**Source data:**
+++++

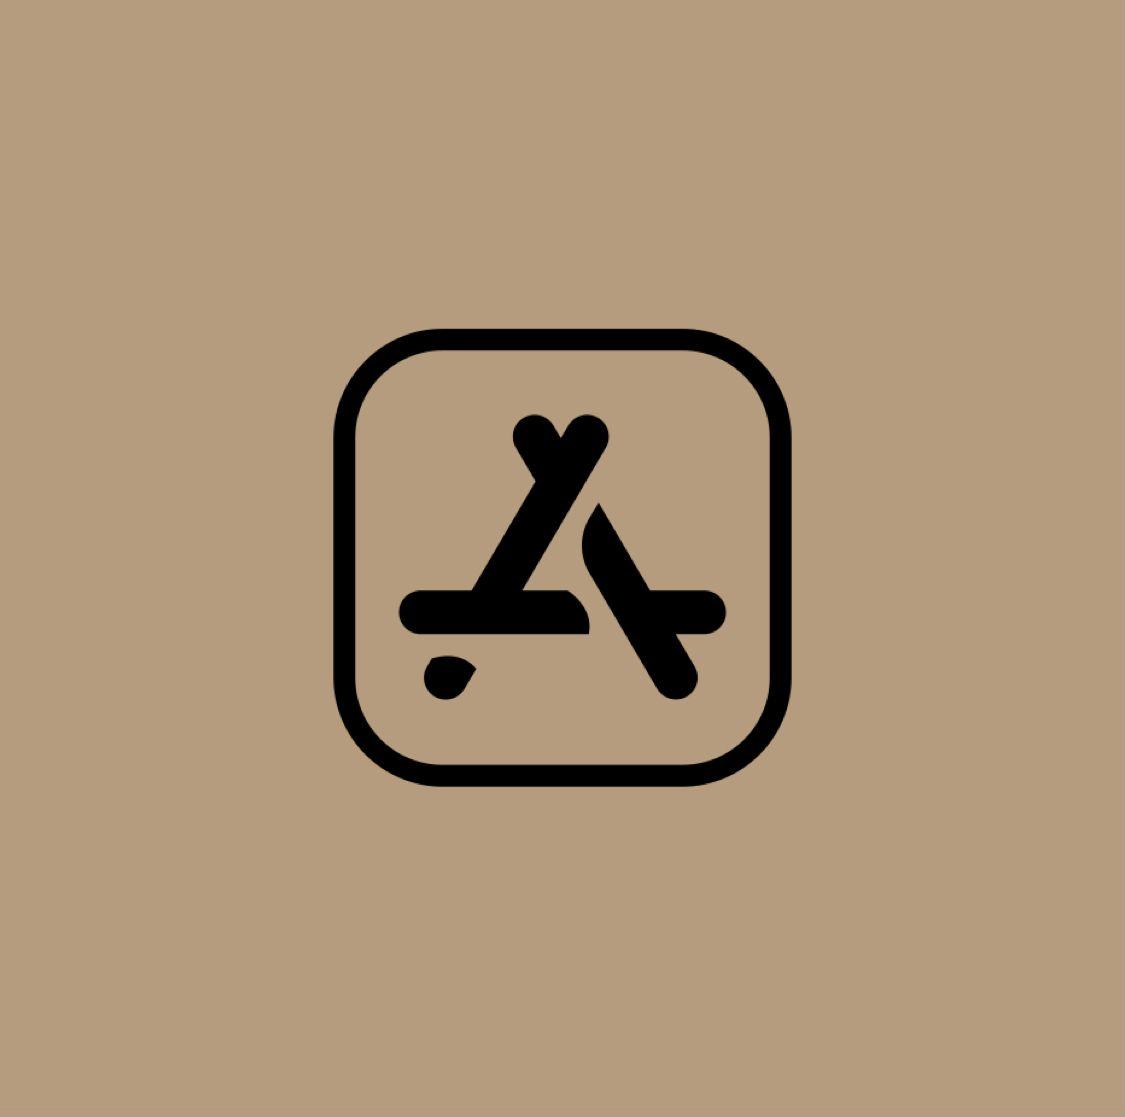 App store icon in 2020 app store icon app logo app covers
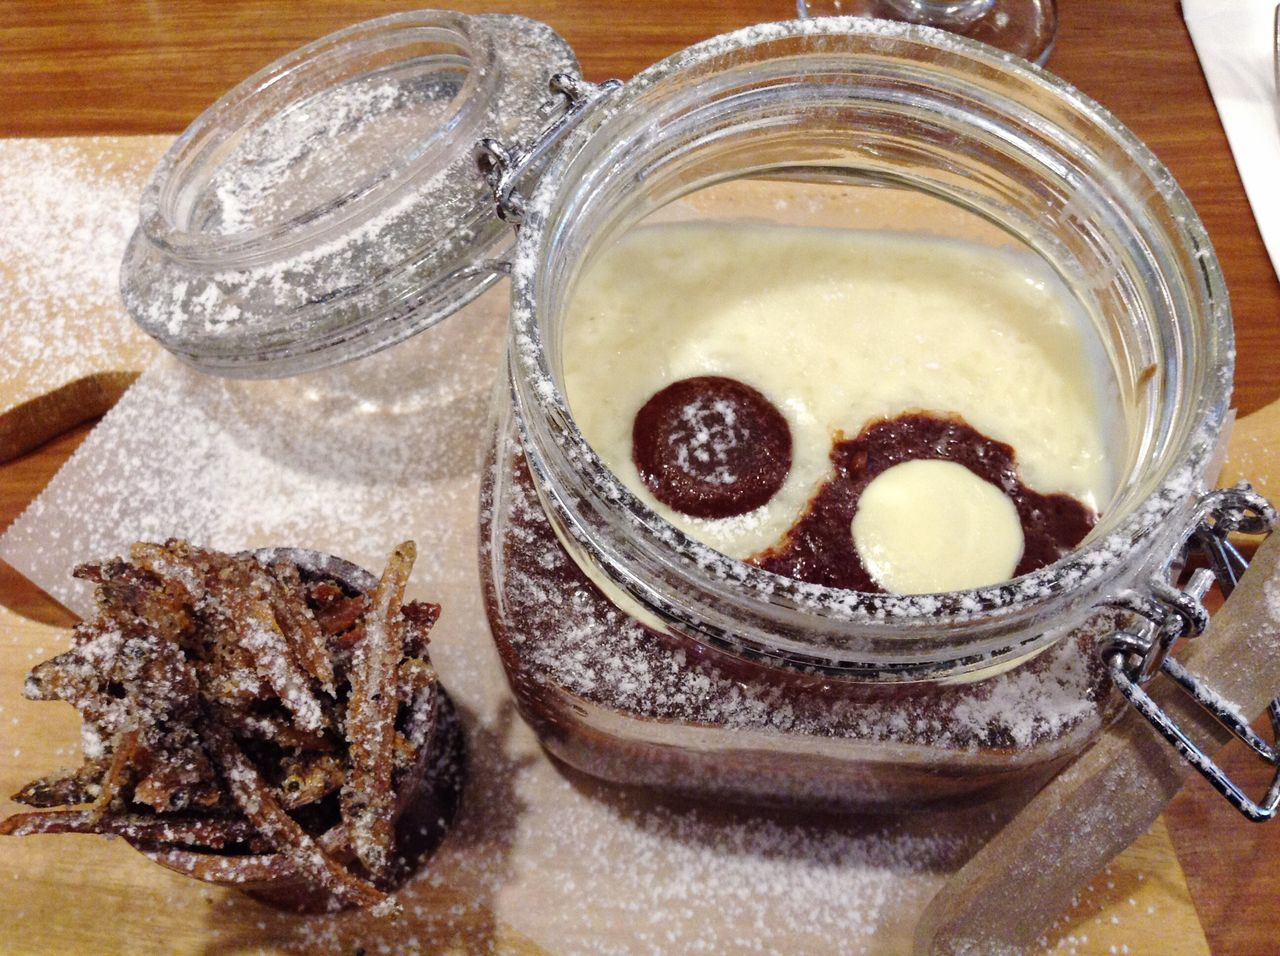 Yinyang Champorado Breakfast Yummy Chocolate Dilis Jar Close-up Table Temptation Sweet Food
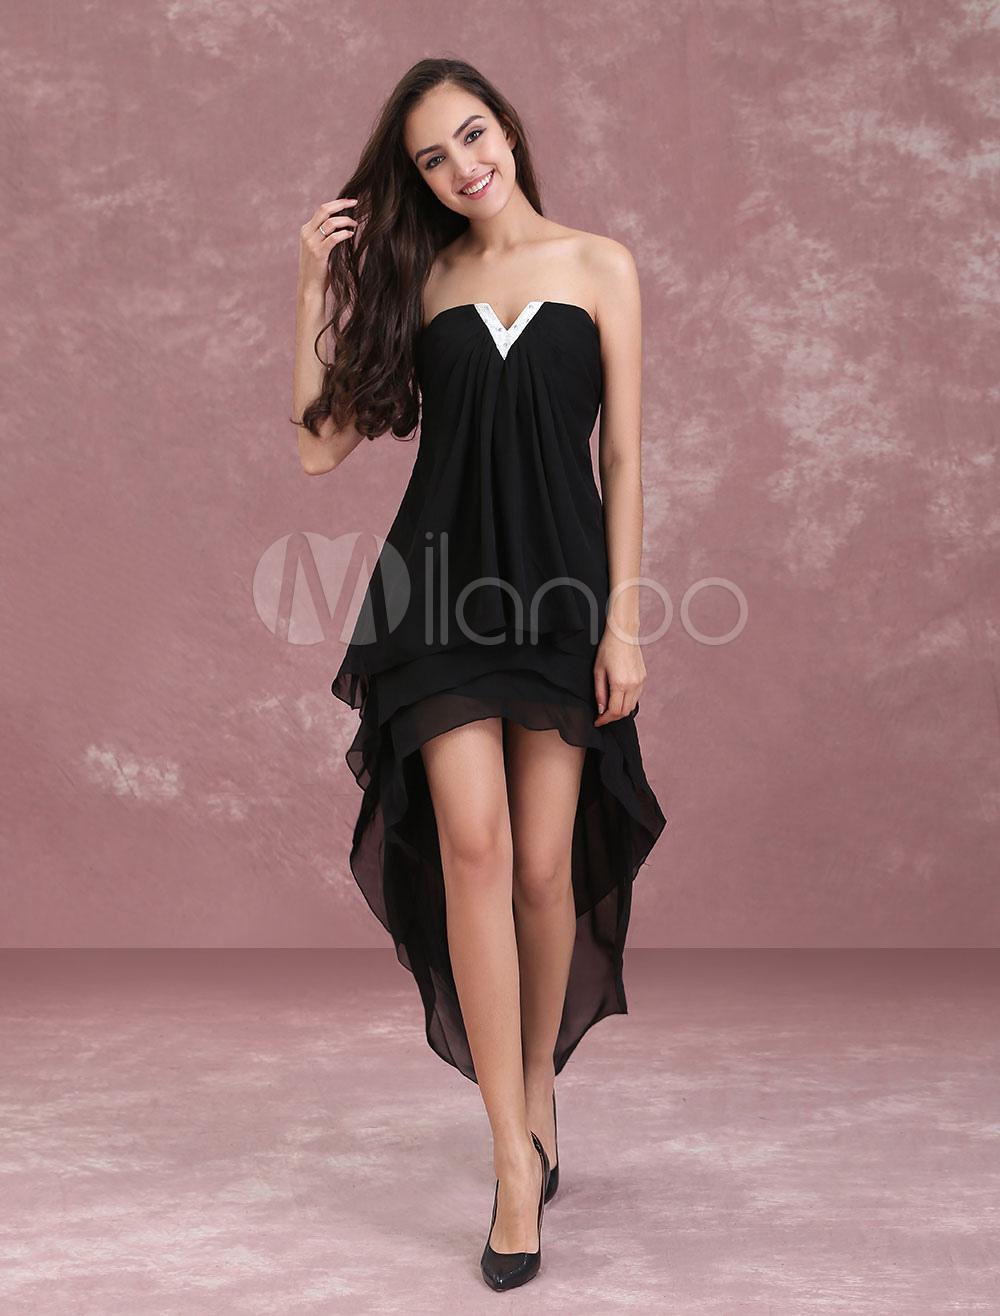 Black Homecoming Dresses Strapless High Low Chiffon Asymmetrical Beaded Women Prom Dress (Wedding) photo
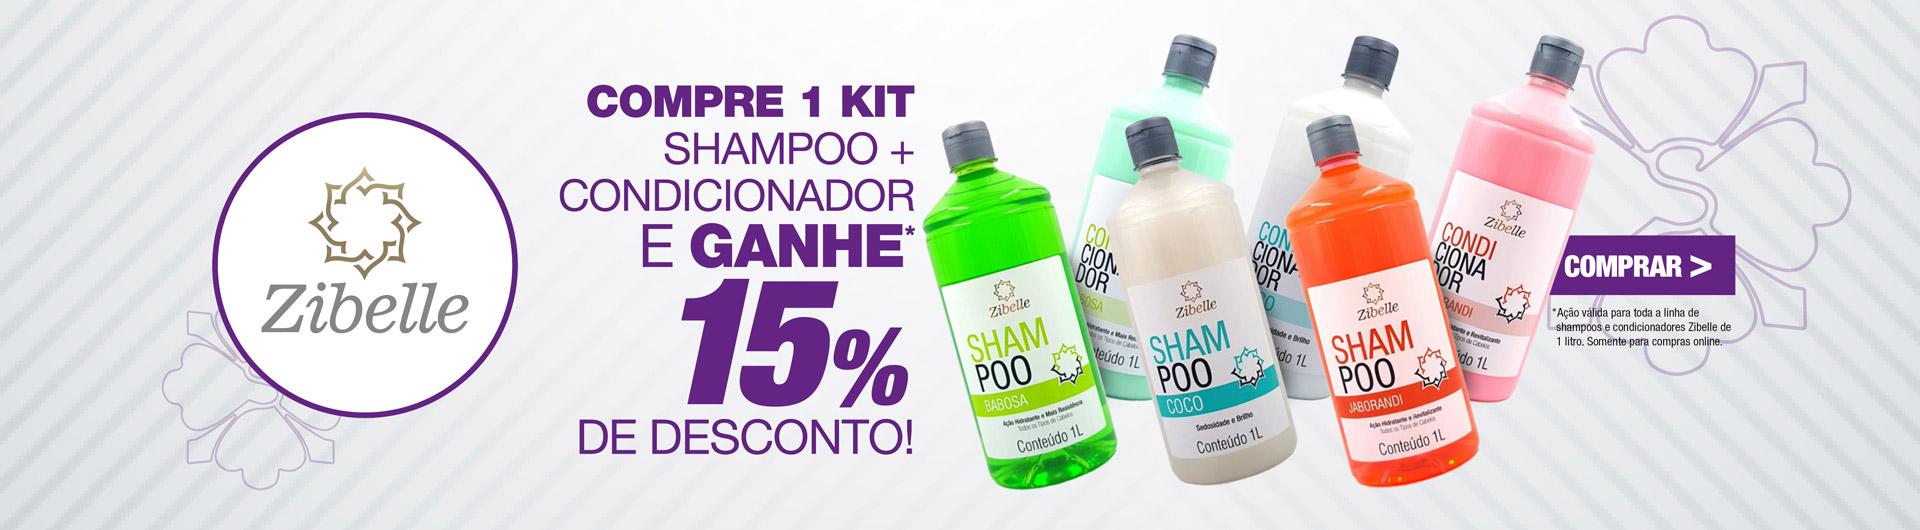 Zibelle Shampoo + Cond 15% Off

+++++

**Brief:** Repeat the material verbatim. Do not carry over any picture.

**Result of the task:**
 App store icon in 2020 app store icon app logo app covers
 Yinyang Champorado Breakfast Yummy Chocolate Dilis Jar Close-up Table Temptation Sweet Food
 Black Homecoming Dresses Strapless High Low Chiffon Asymmetrical Beaded Women Prom Dress (Wedding) photo
 Zibelle Shampoo + Cond 15% Off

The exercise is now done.